С горящей свечой в руке он осторожно ступал по необычному полу из чугунных балок — колосников, перемежавшихся длинными черными щелями. Он двигался вдоль теплой металлической стены, трогая пальцами ее шероховатую поверхность, нащупывая выпуклые и шершавые лепешки заклепок, обожженные сизые головки анкерных болтов и стараясь ничего не упустить из виду.
Чтобы увидеть больше, он поднимал над головой свечу, и тогда на противоположной стене появлялась большая и немного сутулая, словно прижатая невысоким сводом, тень, повторявшая все его движения.
Свет упал на стенку, похожую на пчелиные соты, всю в черных круглых отверстиях. Огневая решетка. Когда в топке бушует пламя, горячие газы устремляются в эти отверстия, проходят по трубам, дарят им свое тепло, и в котле бурлит, неистовствует вода, которой суждено стать паром. Огонек свечи имел те же повадки, что и большой огонь: оказавшись возле решетки, он заволновался сильнее и потянулся к ближайшему отверстию. Заслонив его рукой, Митя смотрел, смотрел вокруг. Лицо у него было сосредоточенное и настороженное. Такое выражение, наверное, бывает у людей, перед которыми открываются интереснейшие тайны. Как похоже и как не похоже все это на то, что было в книге!
«Ничего, Тонечка Василевская, — думал он, — скоро вам не придется похваляться своей ученостью. Конечно, можно было с первого дня отбить охоту прокатываться на мой счет, но мы другим путем доконаем вашу просвещенную милость. Правда, вы и так уж что-то посмирнели, то ли весь яд на меня извели, то ли жало об мою кожу затупили. А скоро-скоро вовсе заскучаете…»
Вверху раздался стук. Кто-то поднялся на паровоз, крикнул:
— Девушка! А, девушка! Будьте любезны, отцепите шнур. Вон, за домкратом. Благодарю…
По железному полу паровозной будки загремели шаги. Митя задул свечу и прижался к стене.
Вдруг в топке вспыхнул ослепительный свет. Электрическая лампочка в проволочной сетке, напоминающей намордник, спустилась в топку и повисла на черном резиновом шланге.
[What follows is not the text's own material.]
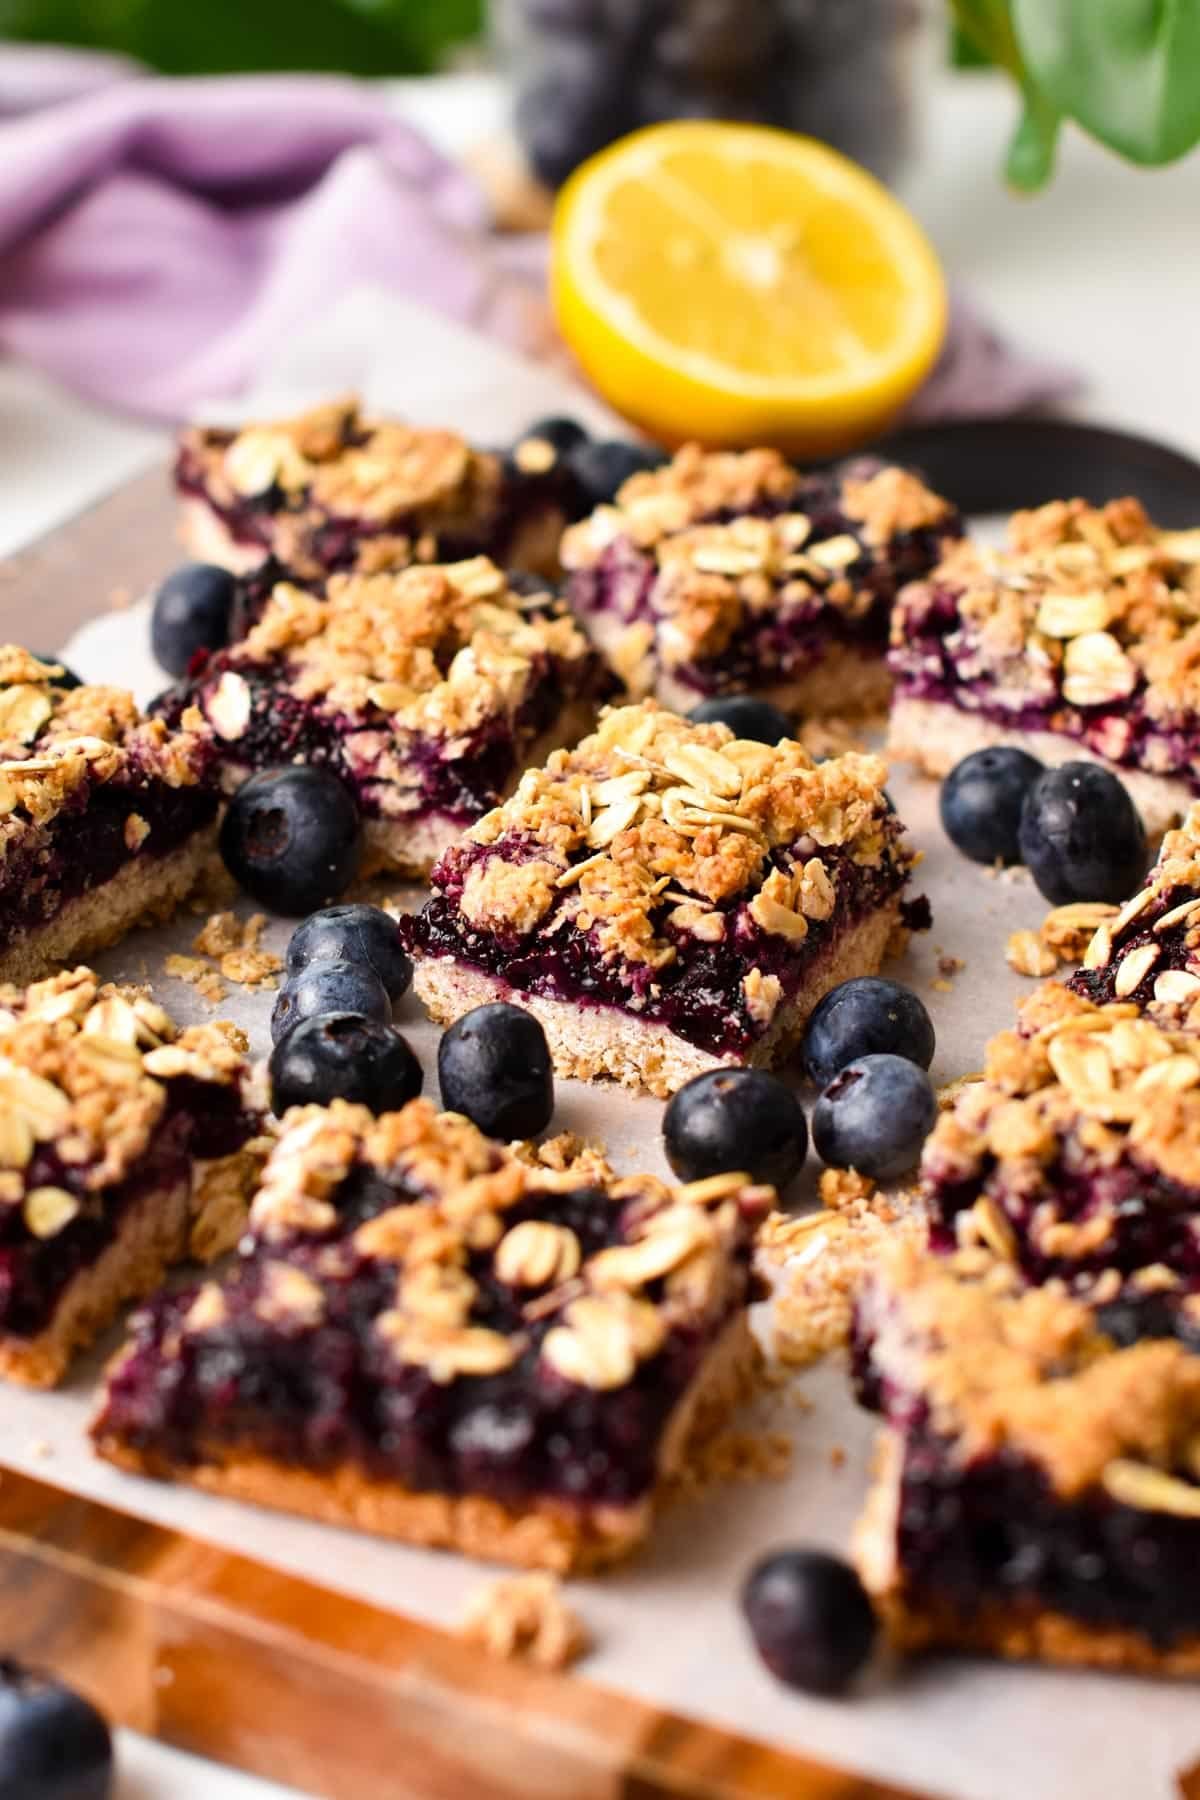 Squares of blueberry oatmeal bars on a chopping board with blueberries around and a lemon in the background.
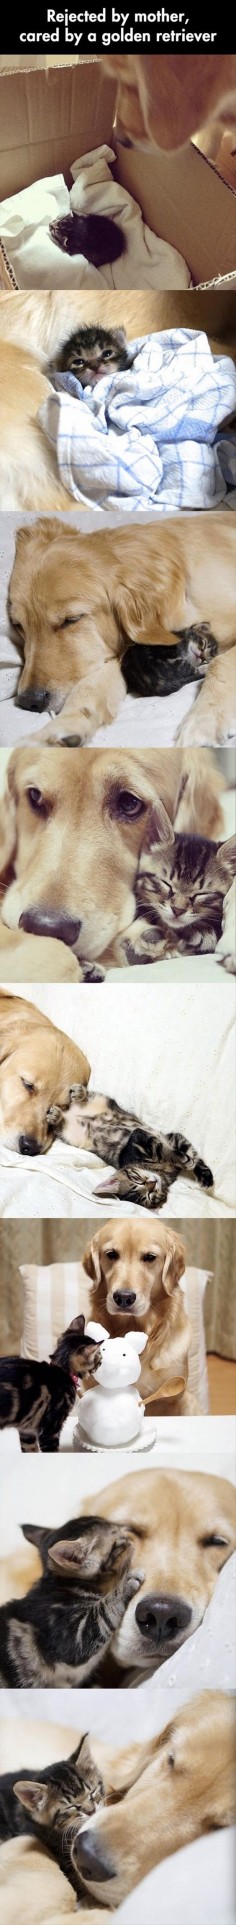 #Cat rejected by its #mother, cared for by a golden  Awww so cute -

Следом за лампочкой в овальной дыре показался сначала один, затем другой сапог с черными вафельными подошвами. Кряхтя и приговаривая что-то, в топку лез человек. Он с трудом просовывал свое туловище; грубый, как у пожарников, брезентовый комбинезон шумел, точно жестяной.
Человек чертыхнулся и, сделав последнее усилие, спустился в топку. Он поправил сбитую на затылок шапку, поднял лампу и осмотрелся.
— Кто здесь? — чересчур громко спросил человек.
— Я, — неуверенно сказал Митя, ожидая выговора за самовольные действия.
— Это еще ничего мне не говорит, — строго и вместе с тем насмешливо проговорил человек.
Он поднял лампу так, что сетка-намордник стукнулась о потолок, и увидел перед собой длинного, плечистого паренька в ватной телогрейке и сапогах. Ему показалось на миг, что он уже когда-то видел это юношески худощавое смуглое лицо с крутым лбом, черными бровями, сросшимися на переносье, и темным пушком над верхней губой. Но, удивленный неожиданной встречей, он не стал рыться в памяти.
— Позвольте узнать, молодой человек, чем вы занимаетесь здесь?
— Учусь.
— Забавно. Чему же вы учитесь в топке?
Митя узнал человека и, понимая, что ему ничего не грозит, успокоился.
— Паровоз лучше всего изучать на паровозе.
— Вот как! — Человек пристально разглядывал Митю, — Очень желал бы знать, с кем имею удовольствие беседовать.
— Удовольствие-то, видать, небольшое, товарищ инженер, — усмехнулся Митя. — На слесаря я учусь…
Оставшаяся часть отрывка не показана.